Install dependencies
```
pip install -r requirements.txt
```

⚙️ Configuration

Create environment file

cp .env.example .env  # If available, or create manually

Configure environment variables Create a .env file in the root directory with the following variables:

# Nebius AI Configuration
NEBIUS_API_KEY=your_nebius_api_key_here
OPENAI_API_KEY=your_openai_api_key_here  # Fallback

# Milvus Configuration
MILVUS_URI=http://localhost:19530

# Chainlit Configuration
CHAINLIT_AUTH_SECRET=your_auth_secret_here

# Database Configuration (if using PostgreSQL)
DATABASE_URL=postgresql://user:password@localhost:5432/dbname

🎬 Starting the Application

Method 1: Using Docker Compose (Recommended)

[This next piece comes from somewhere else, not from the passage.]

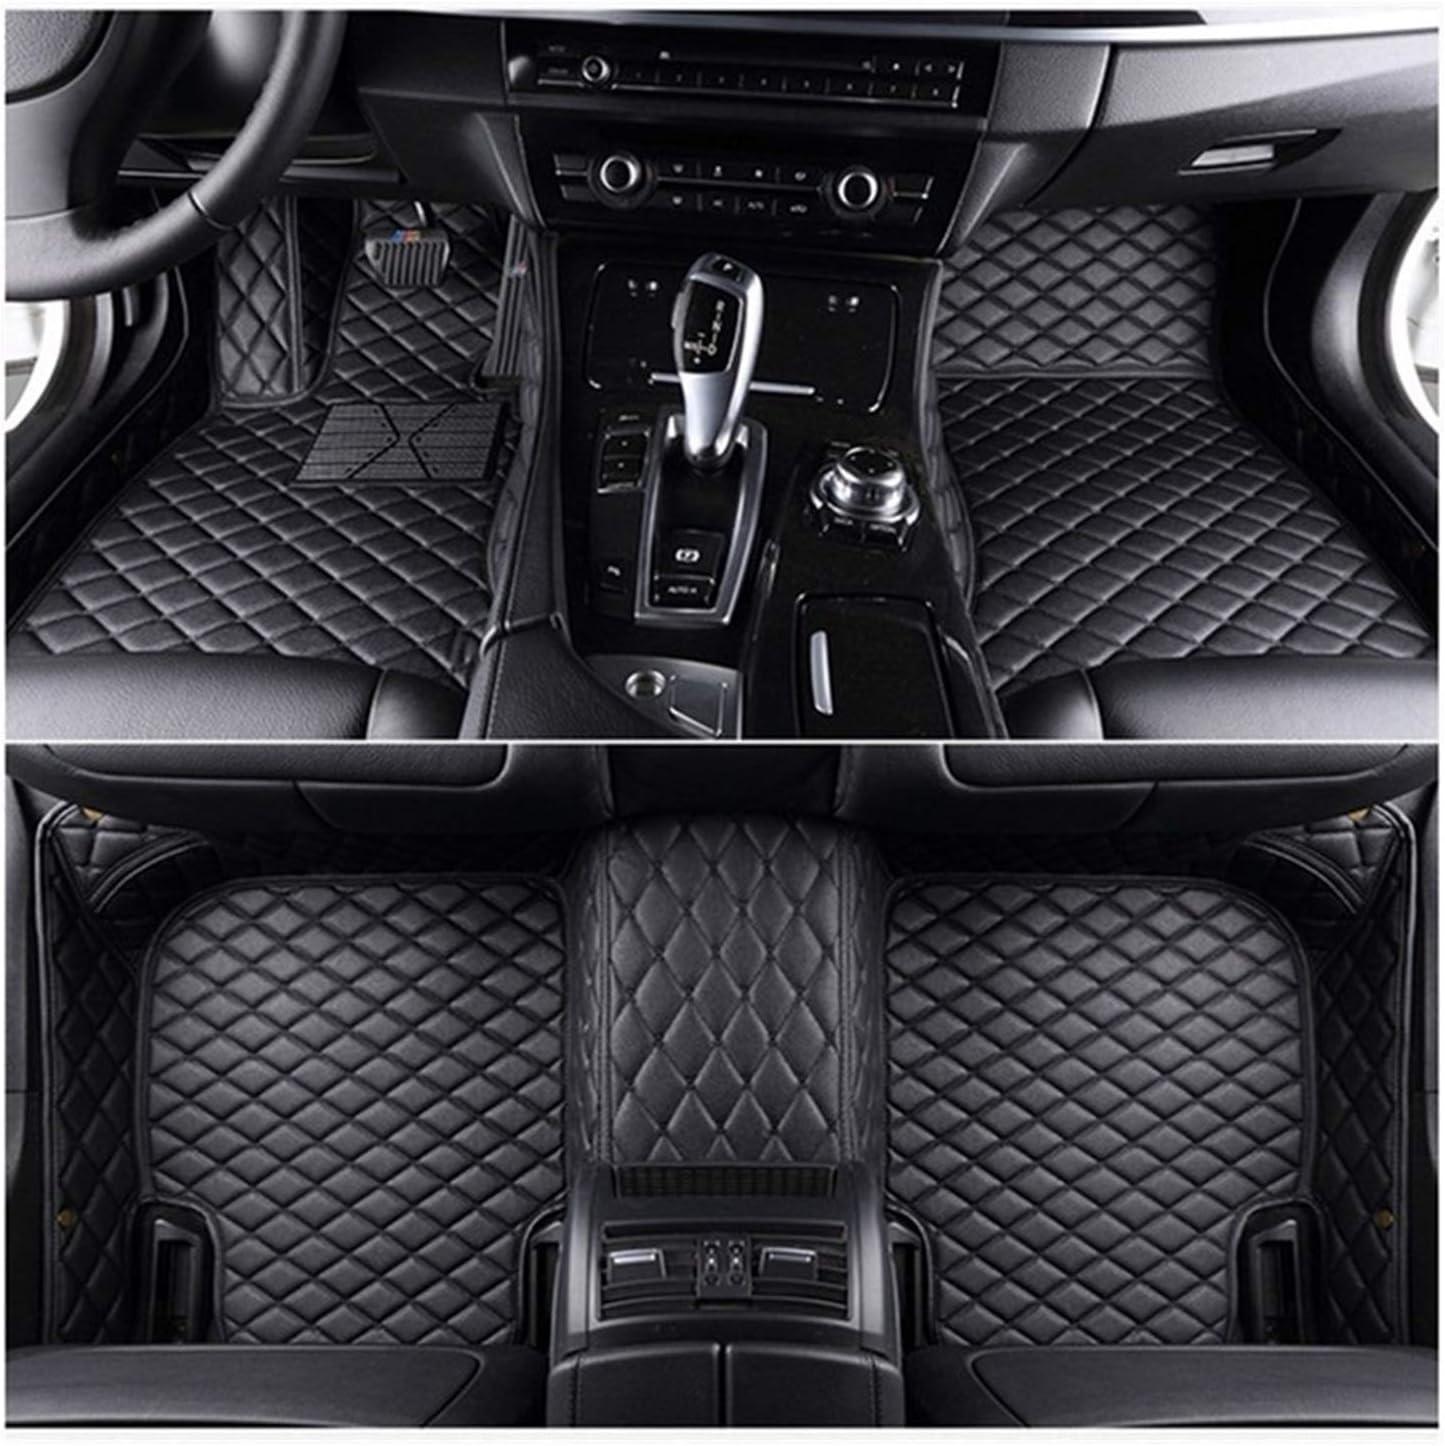 Flash Matte Leder Auto Fußmatten For Bmw X5 E53 E70 2004 2013 2014 2016 2017 2018 Auto Fuß Pads Automobil Teppich Abdeckung Color Name Black And Black Line Auto

Start the infrastructure services
```
docker-compose up -d
```
This will start:
- Milvus vector database
- etcd (for Milvus coordination)
- MinIO (for Milvus storage)
Wait for services to be ready
Start the Chainlit application
```
chainlit run app.py -w
```

Method 2: Manual Setup

Install and configure Milvus standalone Follow the Milvus installation guide
Start the application
```
chainlit run app.py -w
```

The application will be available at http://localhost:8000

📊 Database Population

The system automatically populates the vector database on first startup. However, you can manually manage the data:

Automatic Population

The application automatically checks if the Milvus collection exists and has data. If not, it runs the population script automatically.

Manual Population

To manually populate or repopulate the database:

python populate_db.py

Adding New Documents

Add documents to the data directory

# Place your documents in the data/ folder
cp your_new_document.pdf data/
cp your_new_document.docx data/

Supported file formats:
- PDF files (.pdf)
- Microsoft Word documents (.docx)
- HTML files (.html)

Repopulate the database

# Delete existing collection
python delete_collection.py

# Repopulate with new documents
python populate_db.py

Database Configuration

The population script uses the following configuration:

Embedding Model: Qwen/Qwen3-Embedding-8B (4096 dimensions)
Chunk Size: 1500 characters maximum
Combine Threshold: 200 characters minimum
Batch Size: 5 documents per batch
Collection Name: my_rag_collection

Document Processing Pipeline

Loading: Documents are loaded using UnstructuredLoader
Cleaning: Text is cleaned and normalized
Chunking: Documents are split into manageable chunks
Embedding: Chunks are converted to vector embeddings
Storage: Embeddings are stored in Milvus with metadata

🗃️ Data Management

Deleting the Collection

python delete_collection.py

Updating Documents

To update the document corpus:

Add/remove documents in the data/ directory
Delete the existing collection: python delete_collection.py
Restart the application (it will automatically repopulate)

🧪 Testing

The project includes comprehensive testing:

Running Unit Tests


# Run specific test files
python -m unittest tests/test_chainlit.py -v

RAGAS Evaluation

Evaluate the RAG system performance:

# Run RAGAS evaluation
python tests/test_ragas.py

# Or use the Jupyter notebook
jupyter notebook tests/test_ragas.ipynb

Manual Testing

Test individual components:

# Test vector search functionality
python tests/test_vector_search.py

📄 License

This project is licensed under the MIT license.